## REQUIREMENT
When you copy the material below, keep every line exact and leave each picture out.

## RAW DATA
-- Opening Marker --
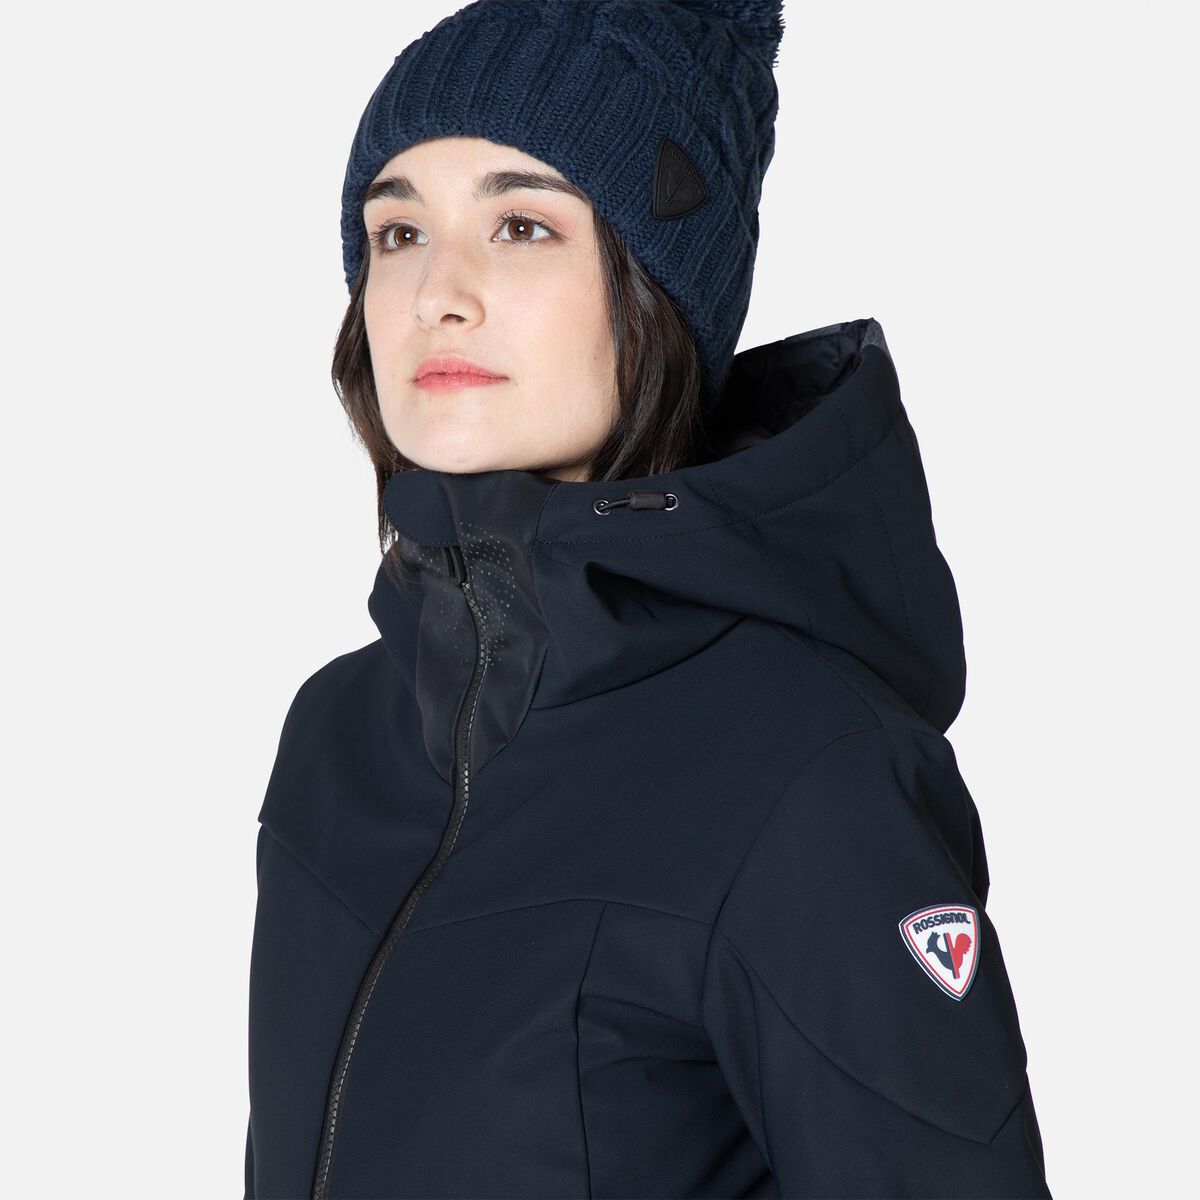 Rossignol Women's Versatile Ski Jacket black
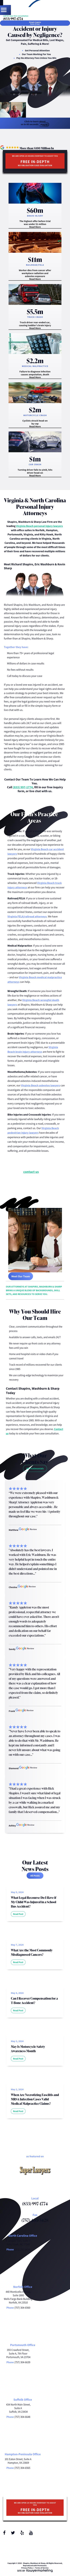 Shapiro, Appleton & Duffan - Virginia Beach VA Lawyers
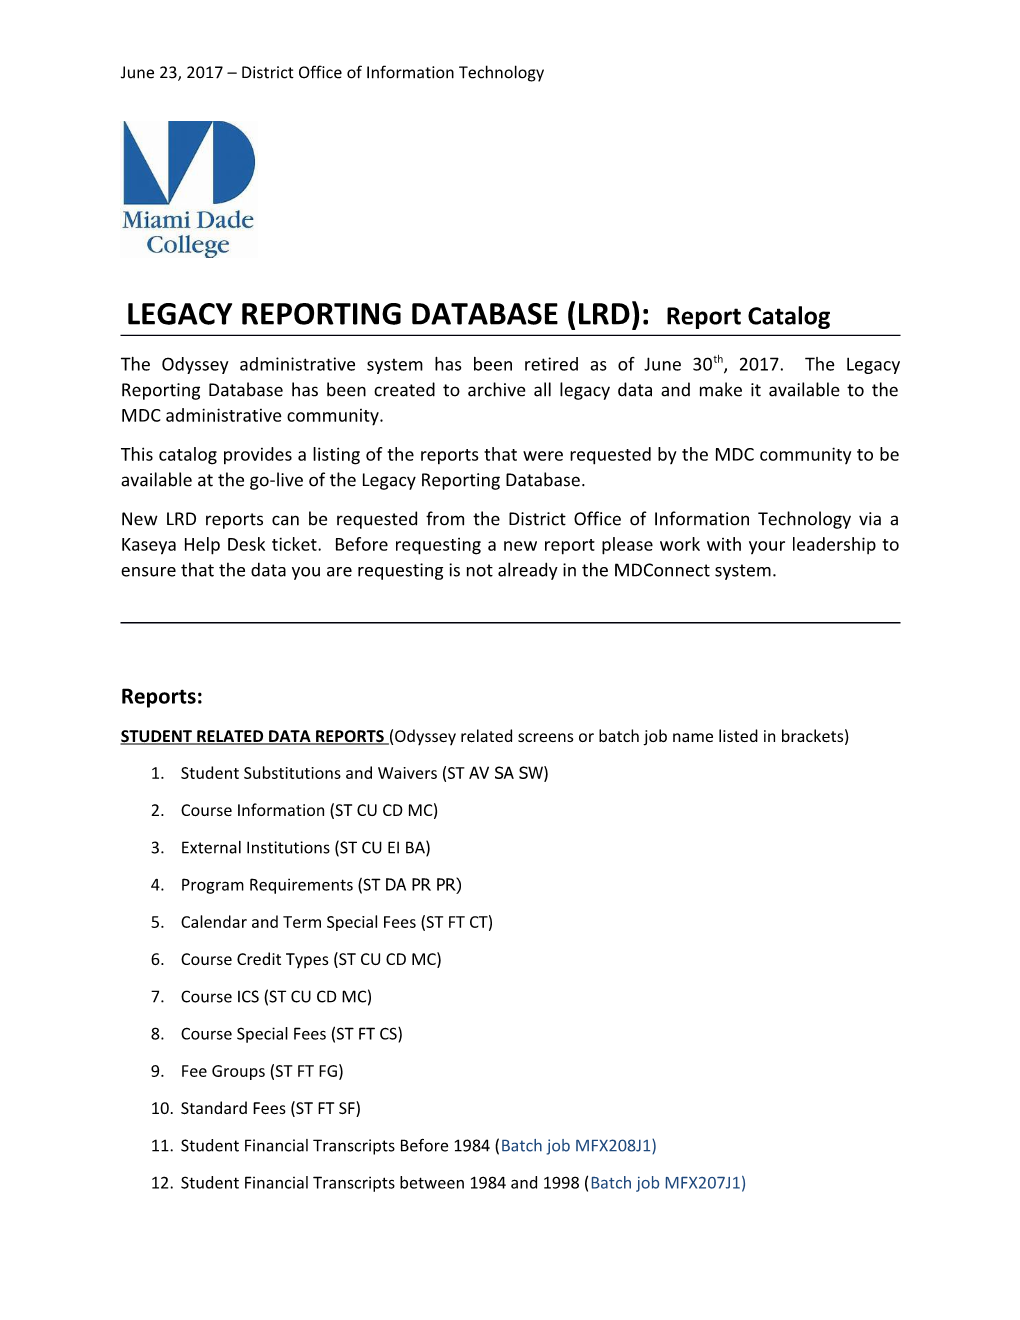 LEGACY REPORTING DATABASE (LRD): Report Catalog
-- Closing Marker --
## EXERCISE RESPONSE
 Rossignol Women's Versatile Ski Jacket black
 Shapiro, Appleton & Duffan - Virginia Beach VA Lawyers
 LEGACY REPORTING DATABASE (LRD): Report Catalog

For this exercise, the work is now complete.